------ Dataset ------

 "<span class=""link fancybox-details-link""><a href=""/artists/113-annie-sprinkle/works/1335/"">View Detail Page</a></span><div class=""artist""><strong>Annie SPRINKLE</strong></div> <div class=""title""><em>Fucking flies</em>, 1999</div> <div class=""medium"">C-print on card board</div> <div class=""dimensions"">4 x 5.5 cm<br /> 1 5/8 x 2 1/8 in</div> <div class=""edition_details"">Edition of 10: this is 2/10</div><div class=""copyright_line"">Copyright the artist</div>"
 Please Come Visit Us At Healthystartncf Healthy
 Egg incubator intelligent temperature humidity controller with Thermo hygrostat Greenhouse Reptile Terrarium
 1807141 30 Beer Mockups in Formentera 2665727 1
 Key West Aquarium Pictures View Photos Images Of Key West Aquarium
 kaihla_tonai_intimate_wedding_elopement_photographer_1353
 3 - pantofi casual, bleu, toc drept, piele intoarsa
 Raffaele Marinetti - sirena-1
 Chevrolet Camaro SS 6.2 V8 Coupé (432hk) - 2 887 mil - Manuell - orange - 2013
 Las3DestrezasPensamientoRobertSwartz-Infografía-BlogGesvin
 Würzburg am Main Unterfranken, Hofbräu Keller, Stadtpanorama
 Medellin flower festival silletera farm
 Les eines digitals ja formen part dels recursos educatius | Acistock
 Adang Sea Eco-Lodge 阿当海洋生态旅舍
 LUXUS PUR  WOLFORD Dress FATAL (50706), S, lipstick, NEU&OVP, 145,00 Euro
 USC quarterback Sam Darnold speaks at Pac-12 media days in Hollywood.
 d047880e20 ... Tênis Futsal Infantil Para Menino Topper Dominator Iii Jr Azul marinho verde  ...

------

To do -
Your task is to write out the lines from the one with "Chevrolet Camaro SS" through the end of the records, exactly and with nothing added.

Exercise result -
 Chevrolet Camaro SS 6.2 V8 Coupé (432hk) - 2 887 mil - Manuell - orange - 2013
 Las3DestrezasPensamientoRobertSwartz-Infografía-BlogGesvin
 Würzburg am Main Unterfranken, Hofbräu Keller, Stadtpanorama
 Medellin flower festival silletera farm
 Les eines digitals ja formen part dels recursos educatius | Acistock
 Adang Sea Eco-Lodge 阿当海洋生态旅舍
 LUXUS PUR  WOLFORD Dress FATAL (50706), S, lipstick, NEU&OVP, 145,00 Euro
 USC quarterback Sam Darnold speaks at Pac-12 media days in Hollywood.
 d047880e20 ... Tênis Futsal Infantil Para Menino Topper Dominator Iii Jr Azul marinho verde  ...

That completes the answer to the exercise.